Raquel Meyer Alexander, Andrew Gross, G. Ryan Huston and Vernon J. Richardson

We investigate the interaction of debt covenants and tax accounting on the adoption of Financial Interpretation No. 48 (FIN 48). We examine how firms respond to the potential…

Abstract

We investigate the interaction of debt covenants and tax accounting on the adoption of Financial Interpretation No. 48 (FIN 48). We examine how firms respond to the potential tightening of covenant slack upon FIN 48 adoption and whether these actions are penalized by creditors and anticipated by equity markets. We find that upon FIN 48 adoption, the majority of sample corporate borrowers increase their tax reserves and reduce equity. Firms close to debt covenant violation were even more likely to increase tax reserves upon FIN 48 adoption; however, the size of the adjustment was relatively smaller, suggesting that the FIN 48 standards limited, but did not eliminate, firms use of discretion in reporting uncertain tax positions to avoid costly covenant violations.
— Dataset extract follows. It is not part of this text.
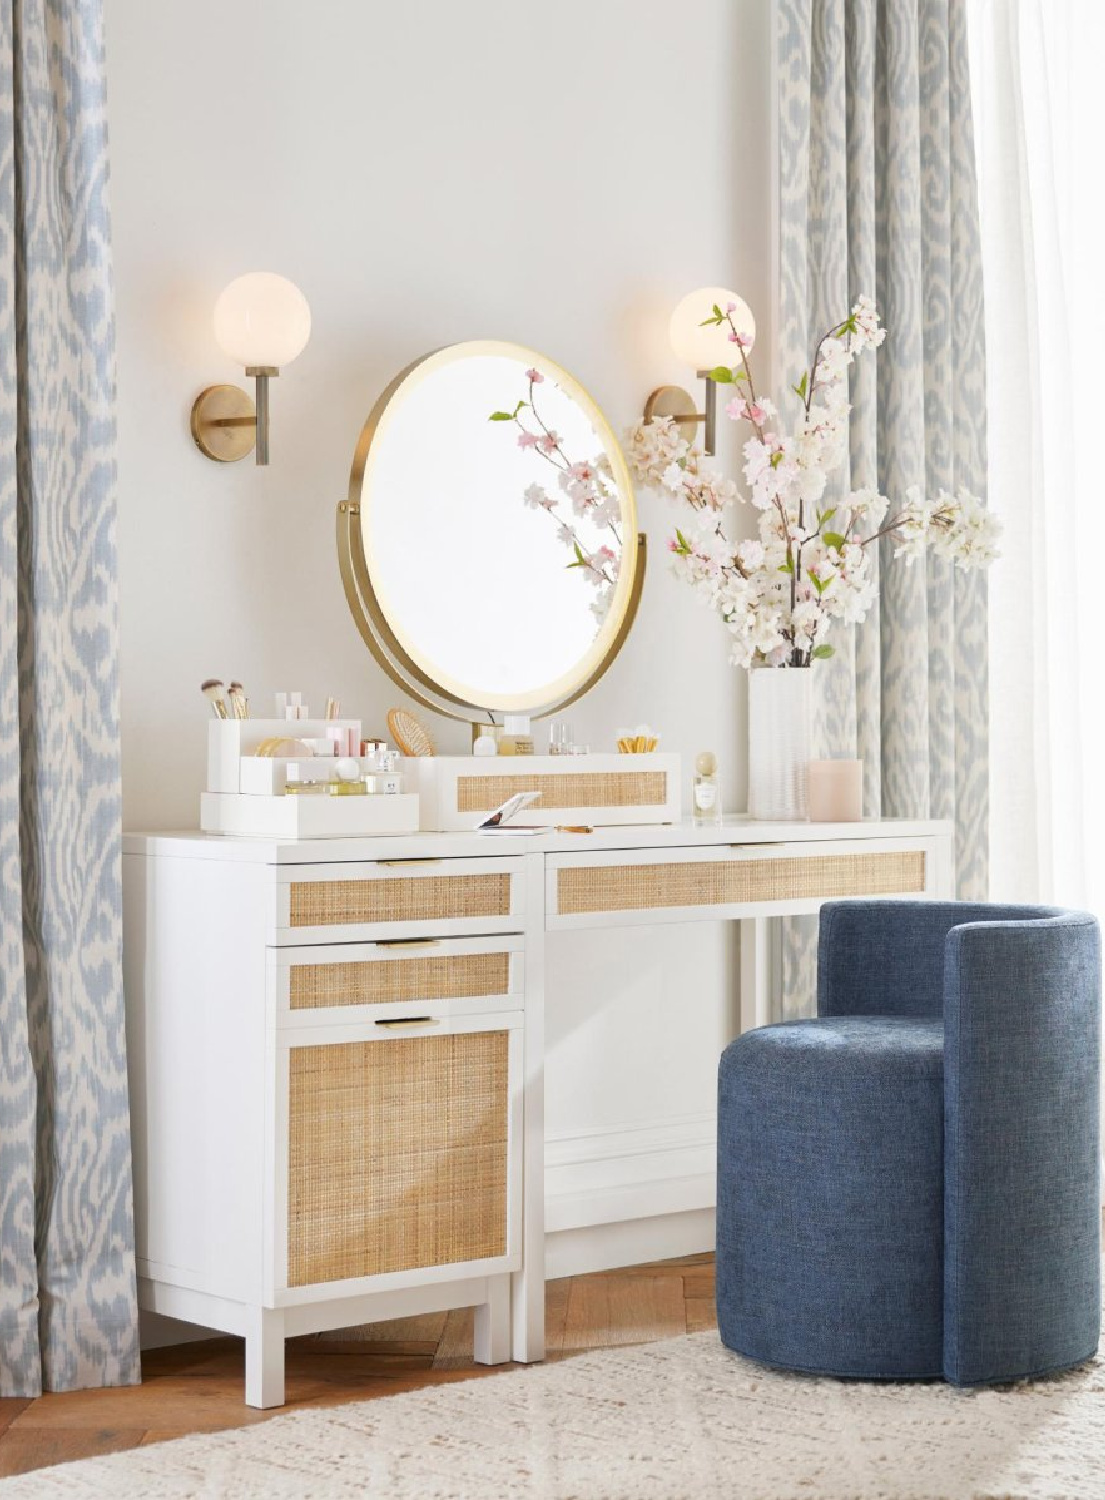 Makeup vanity with blue chair and blue patterned curtain panels, Pottery Barn.
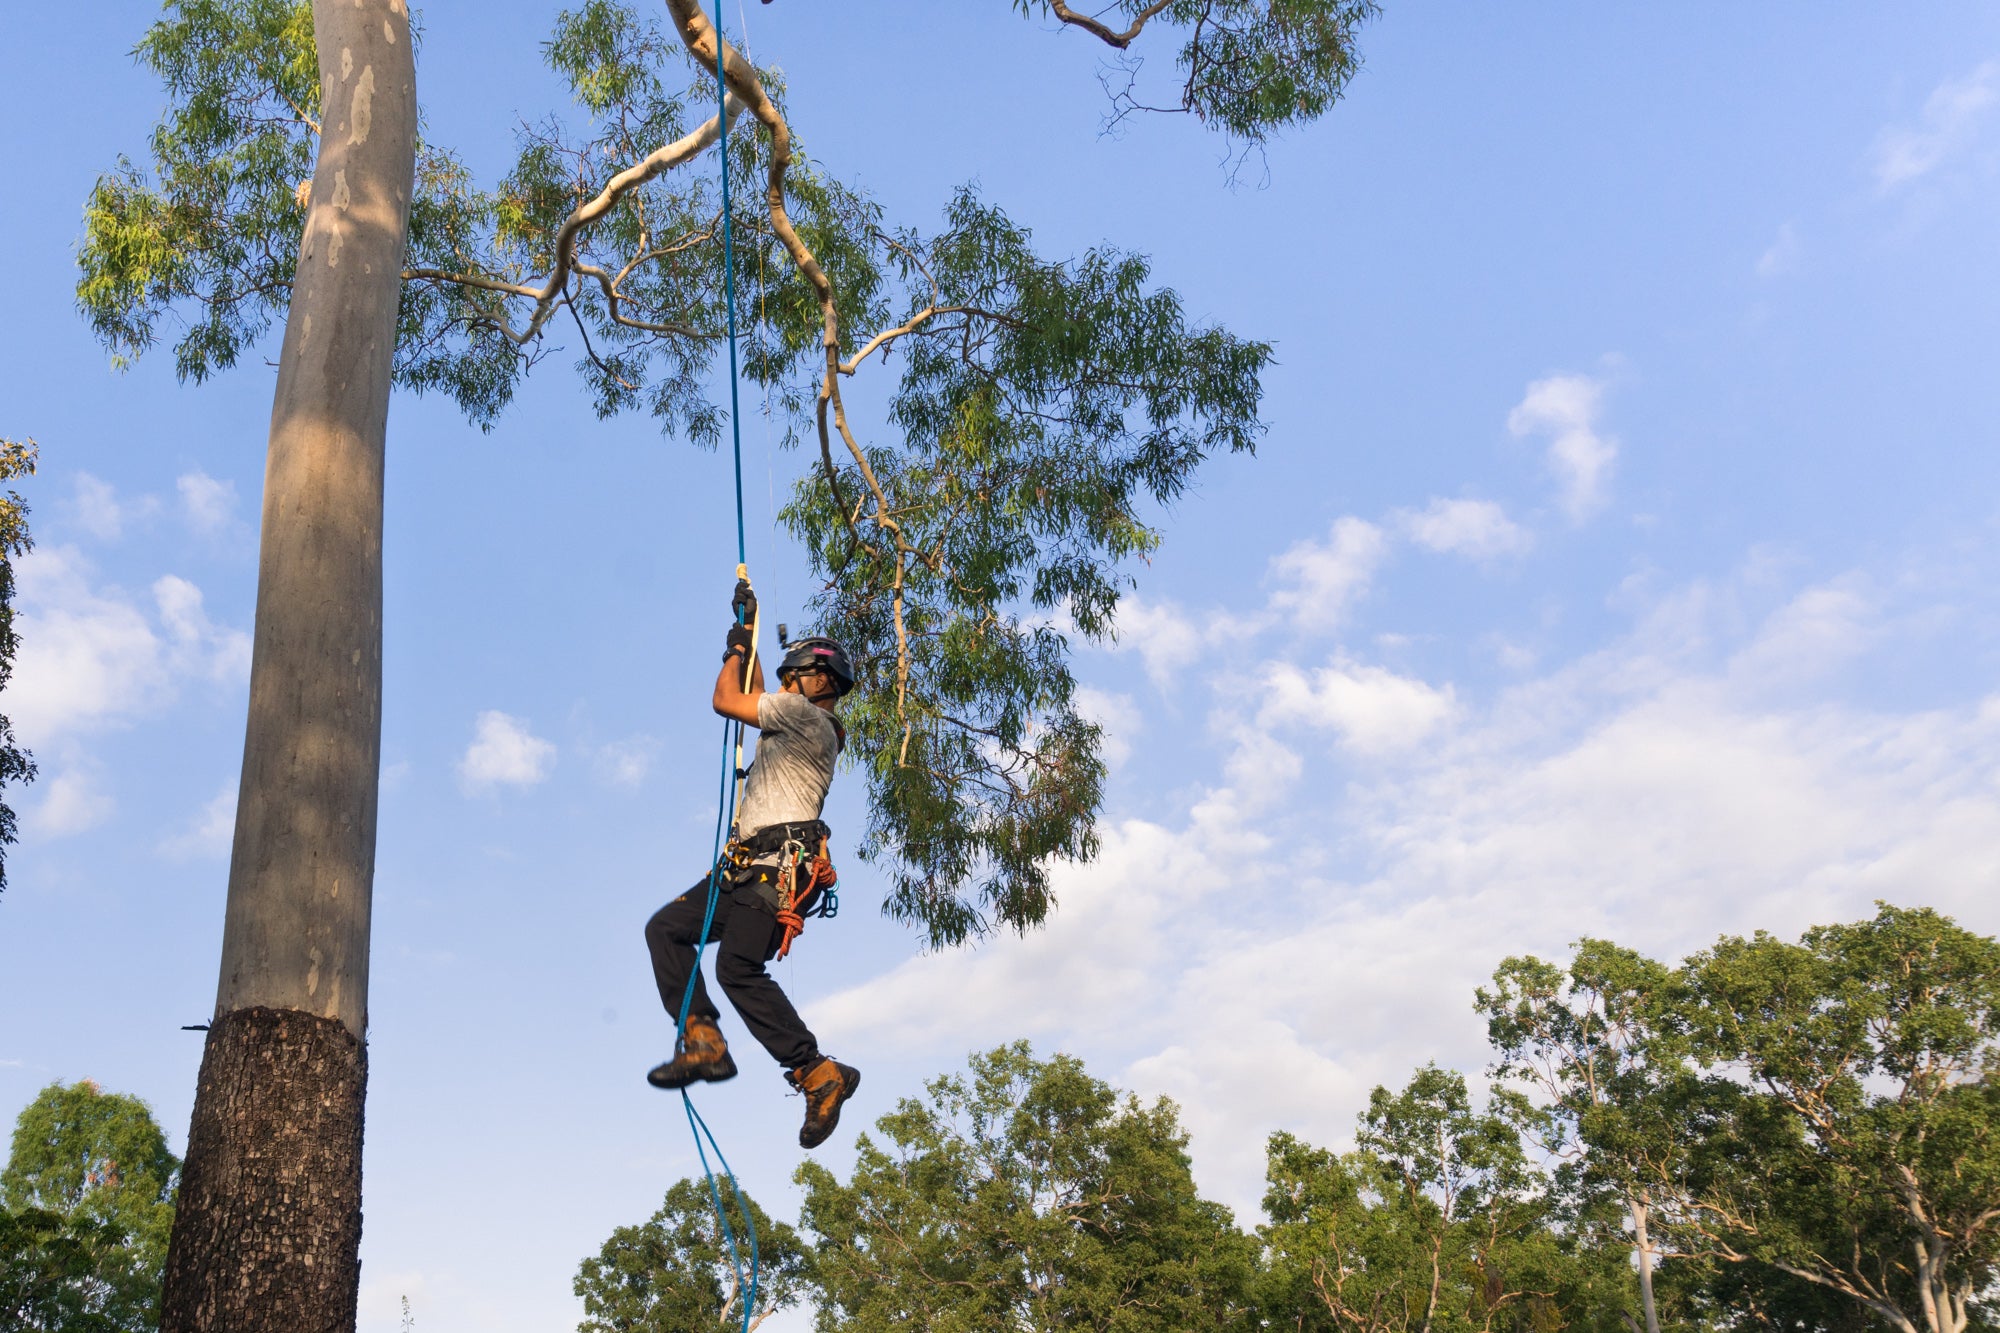 Freeworker Blog » On a strong line: Tree climbing ropes in tree care

For firms near net worth debt covenant violation, the act of decreasing equity upon FIN 48 adoption imposes real economic costs, as the average cost of debt increased by 43 basis points. Finally, we extend prior research on the market response to FIN 48 by showing how the market response to FIN 48 adoption is a function of debt covenant slack and tax aggressiveness. Specifically, the cumulative abnormal return at the FIN 48 exposure draft release date is negative only for tax aggressive firms that are close to debt covenant violation.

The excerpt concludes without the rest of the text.